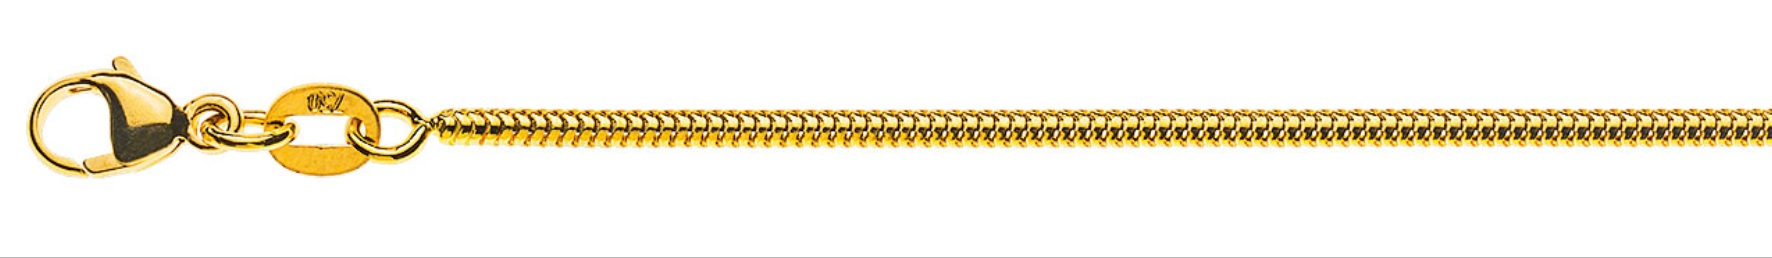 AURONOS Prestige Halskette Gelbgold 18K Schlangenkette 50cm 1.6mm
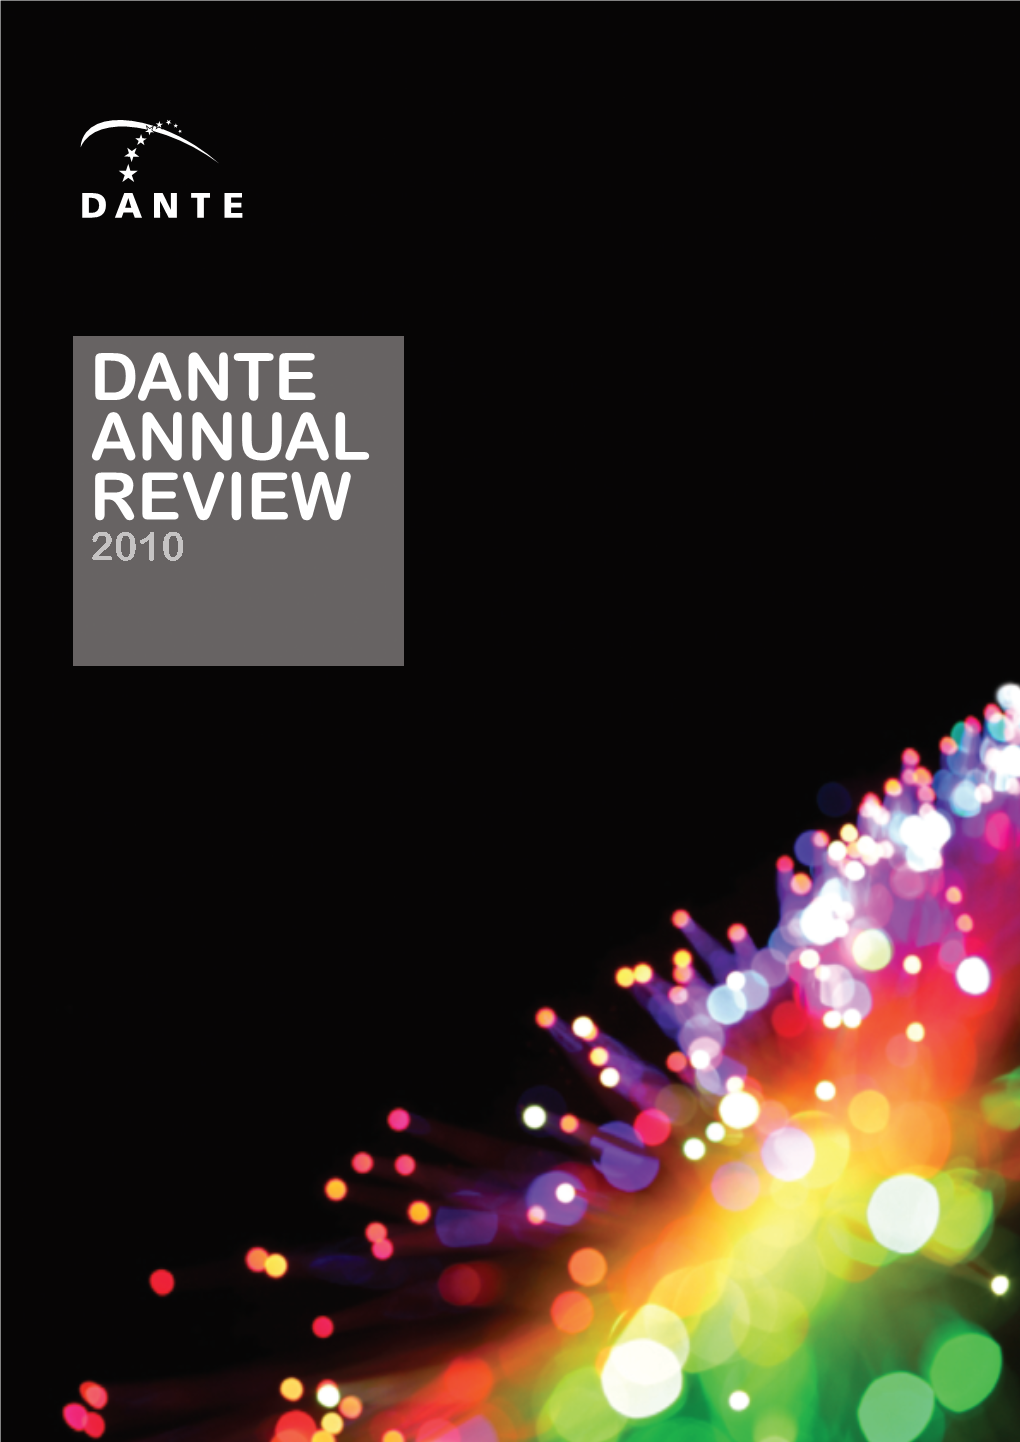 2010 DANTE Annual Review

* * * *

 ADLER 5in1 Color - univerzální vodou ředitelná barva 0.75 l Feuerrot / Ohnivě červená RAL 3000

* * * *

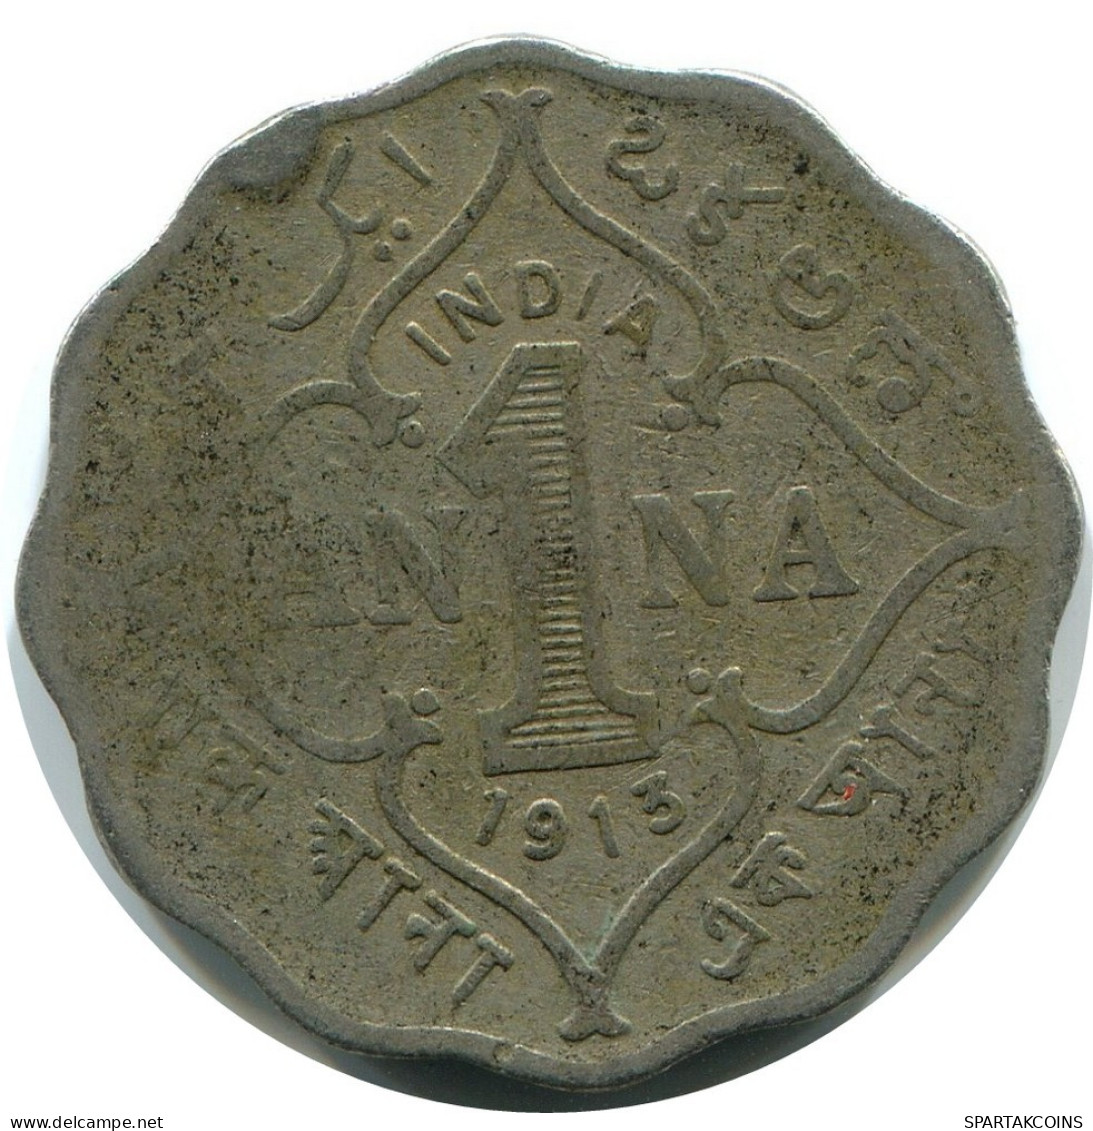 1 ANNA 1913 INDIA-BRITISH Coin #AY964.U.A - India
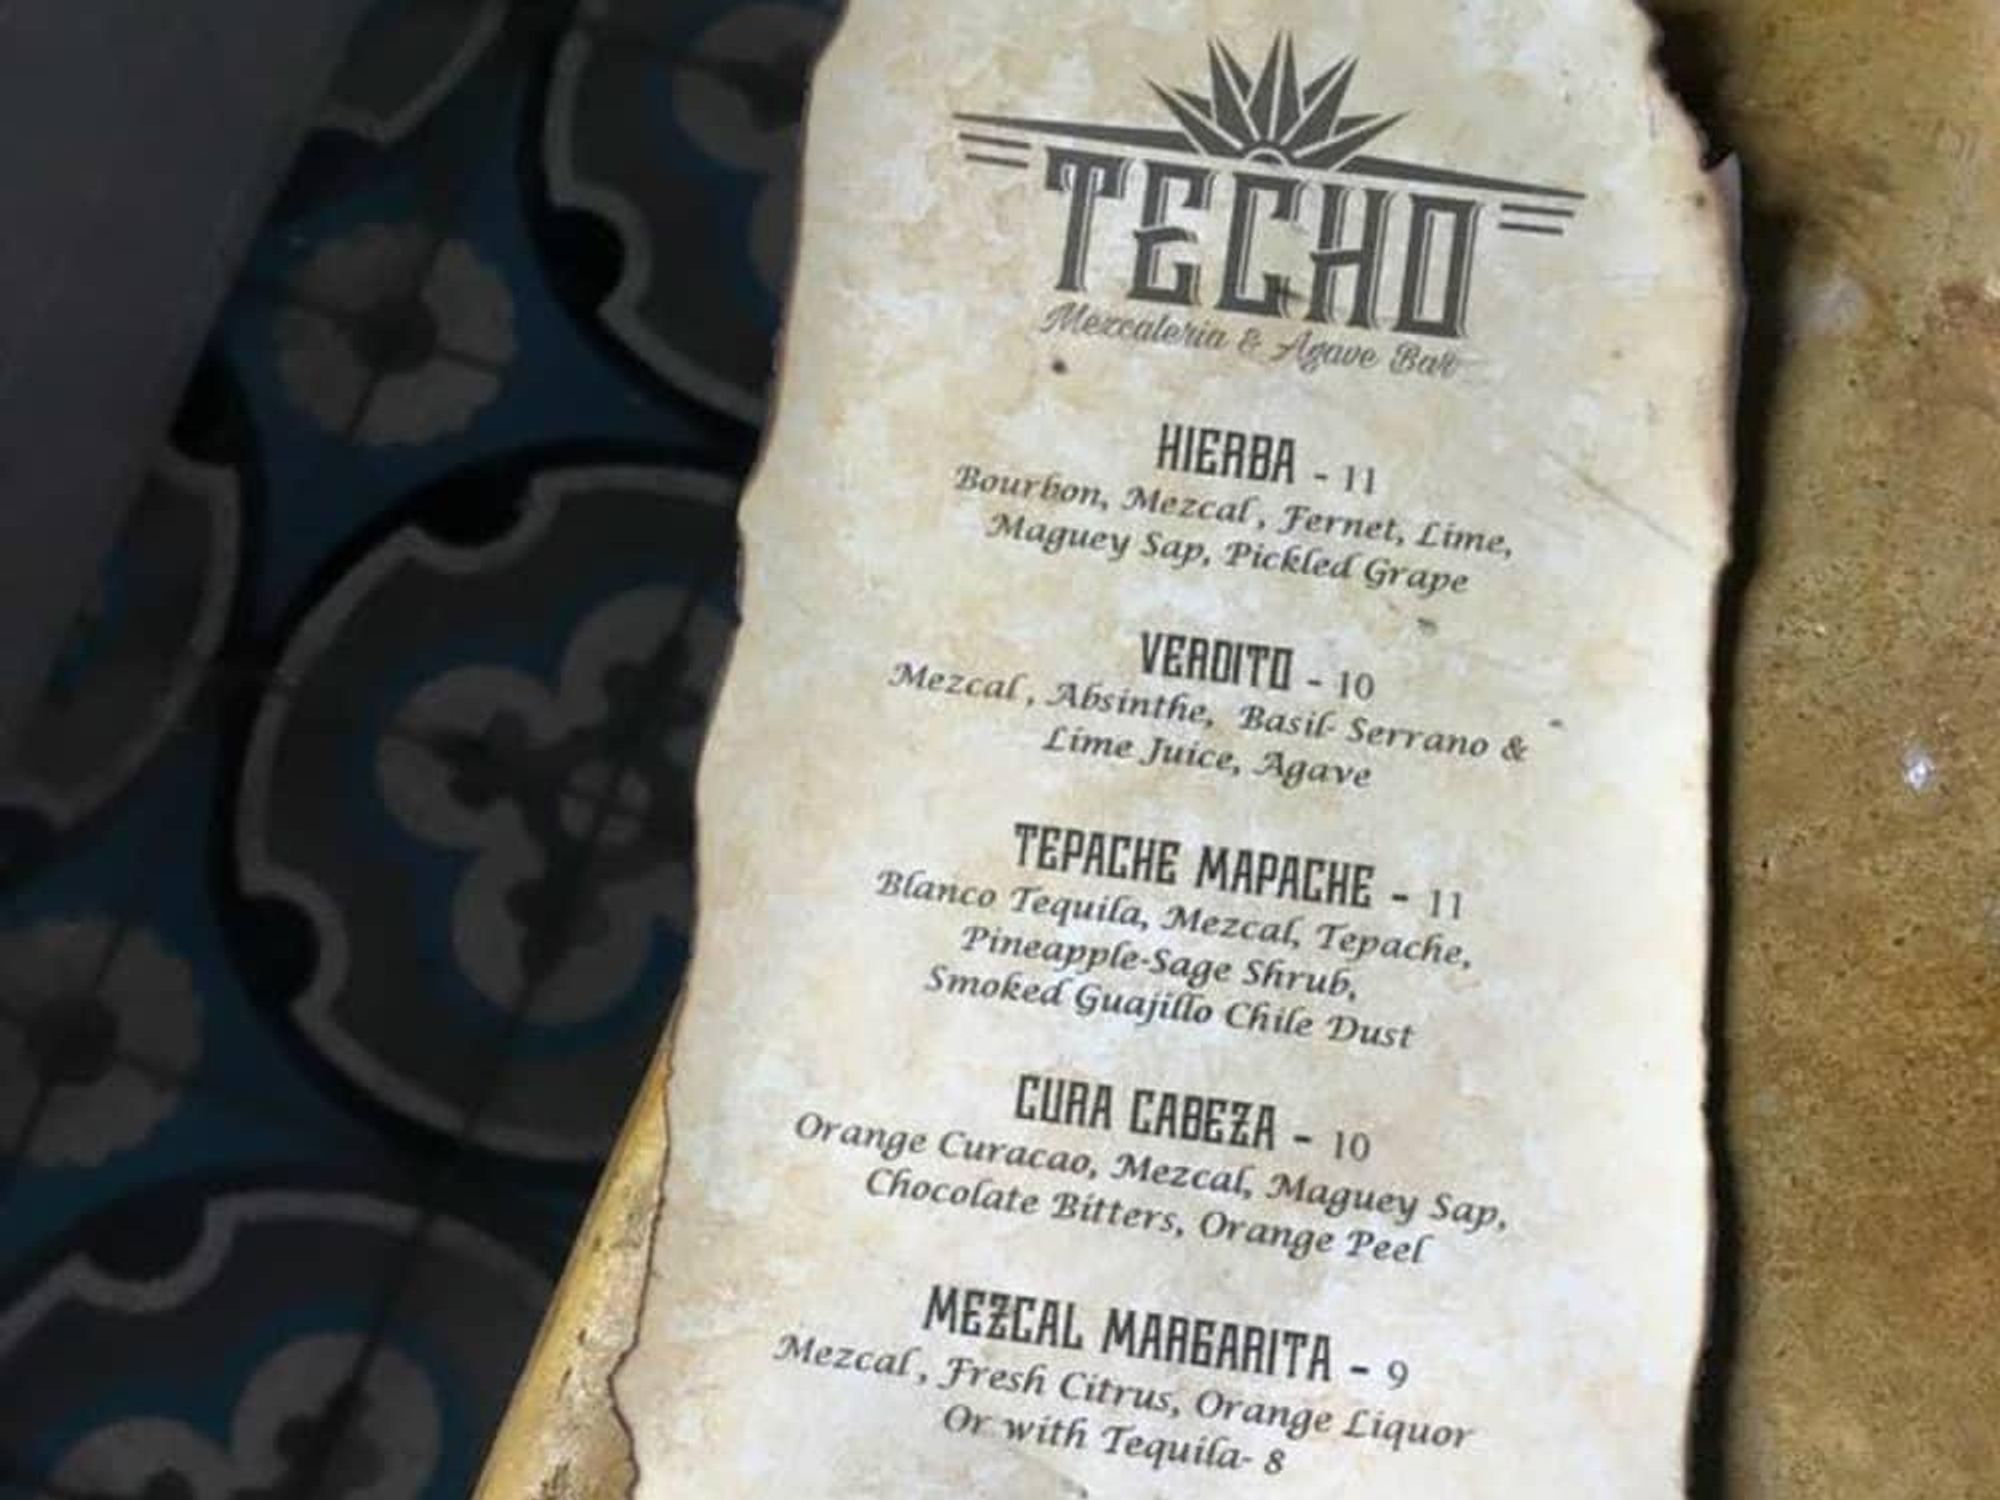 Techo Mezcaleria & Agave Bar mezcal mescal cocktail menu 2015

* * * *

Copy exactly the material above from the line with "AURONOS Prestige Halskette" to the line with "2010 DANTE Annual Review", ends included, and nothing else. Leave out any picture.

▸ **WORKED SOLUTION**
 AURONOS Prestige Halskette Gelbgold 18K Schlangenkette 50cm 1.6mm
 2010 DANTE Annual Review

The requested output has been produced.